Not much went to plan on my own wedding day. For starters, we had a surprise wedding, and the whole thing was arranged in just a few weeks. I remember everything that went wrong in excruciating detail—the heat, the blowflies, blistering sunburn, the various wardrobe malfunctions. I dragged the train of my dress through muddy creek-water and trod in cow shit wearing my sequinned shoes. But I also remember smiling so hard my face hurt. Many of my perfectly posed wedding photos were ‘ruined’ by our crazy dog, Eccy, wandering into shot at the last second. I could have cropped and cloned and airbrushed to erase him, but I just never got around to doing it. When Eccy died a few years later, I had a series of those photos printed and framed; now we have a set of vignettes on the wall, with his ghostly presence marring each otherwise perfect picture.

I took my son to a birthday party last weekend. In lieu of a thank-you card or a lolly bag, his friend’s mum took photos of each guest with the birthday boy, using an old Polaroid Instamatic camera. The kids held their mementos under their armpits until the pictures emerged and, when they did, there was a lot of blinking, reflector-eyes, side-eyes, eye-rolling, open mouths, snotty noses, and peace signs. They were imperfect and hilarious.
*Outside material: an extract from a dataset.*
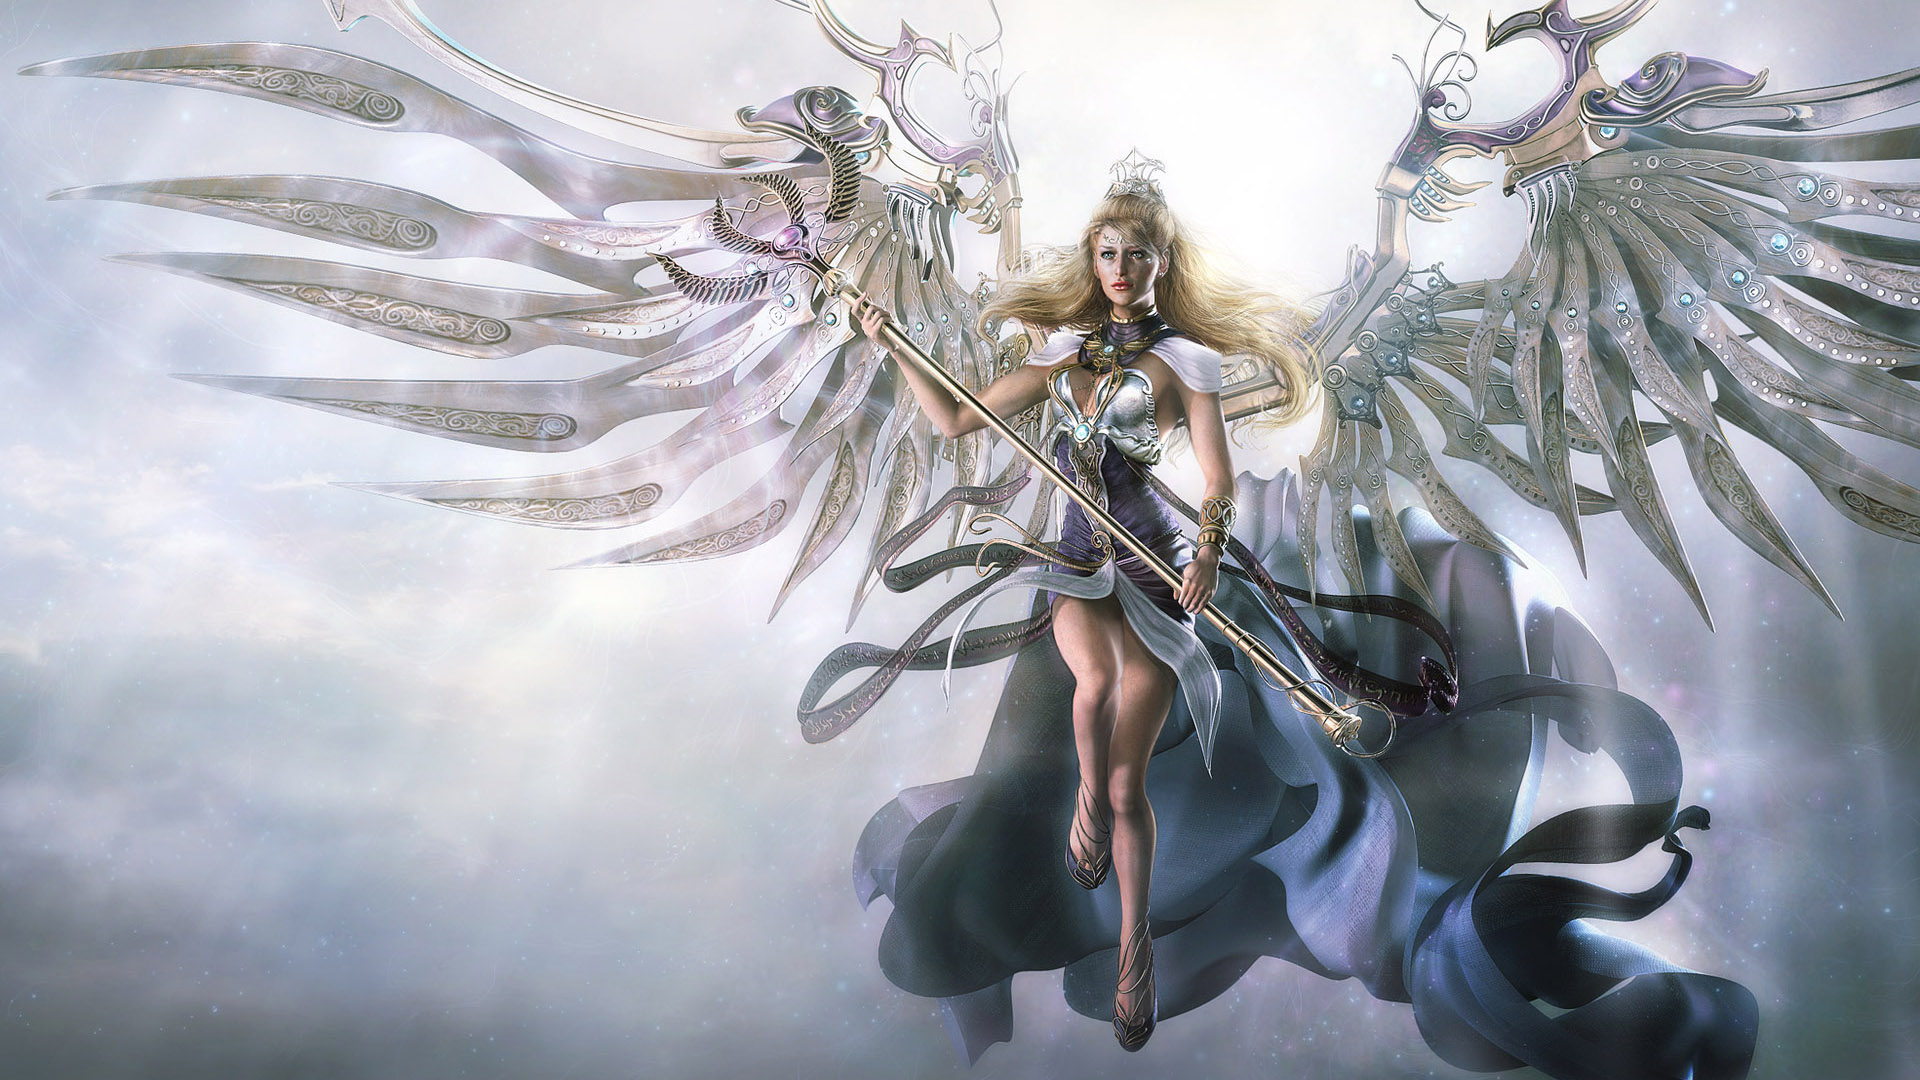 Awesome Angel 3D Fantasy Wallpaper HD Widescreen 1080p Wallpaper with

I’ve also realised that my paintings, the few that I like and hang on our walls, are the ones where I’ve painted over something else. You can still see the ghost of another image, a glimpse of colour that clearly doesn’t belong, and ridges of old paint that make the final painting more interesting and layered. All those mistakes underneath make these paintings beautiful, when others I’ve made using a pristine canvas and confident strokes are somehow… less.

So what the hell does all of this have to do with writing? I don’t know if there’s a punchline in this piece (and I do love a good punchline), or even a useful scrap of advice for any other writer.

I only know that when I edit, I look for ways to make my words just so. I hone, I shape, I shift and delete; I switch and cut and carve and polish until I’ve said what I needed to say and nothing more. This is how you should edit, so how is it possible to end up with less? How do I end up with a picture that leaves me cold? I suppose a few years ago I could have written like that and still made it work somehow, but I’m starting to think that knowing more about editing and growing into a more technically proficient writer isn’t necessarily a good thing for me.

This all seems at odds with my confession about perfectionism and my tendency to edit as I go, but I’ve never edited line by line as much as I have lately. This next book had a shaky start. Every line was perfect, and I hated it. I hated opening that file. There was no way I could hold that pose for a whole book, so we stared each other down for a few weeks until I broke, hit delete, and cried.

I like rambling, messy sentences. I like watching the outtakes at the end of a film. I grieved for a while and I started over; what’s taking shape now is an unrehearsed, convoluted, untidy manuscript. I can still see the ghost of my perfect draft underneath, but I’ve put the ‘mistakes’ back in. And I’m happy because finally I feel something.

Categories: Rant, Vikki Wakefield, Writing, Tags:

Comments

  1. joe
    wow, i didn't realize ... the artist in me always forces herself to not erase the flaws and just start a new drawing. it's tough. i realize the older i get how everyone seems to have problems with letting go. and see where they might end up. :)
    December 10, 2012 at 4:27 am ·
  2. I'm editing my fourth book. What you say inspires me. But I've found that each book I edit is a different experience. So this much I know, go with what works at the time, no hard and fast rules Cheers, Deborah PS I've just discovered we have the same agent, the estimable Sheila.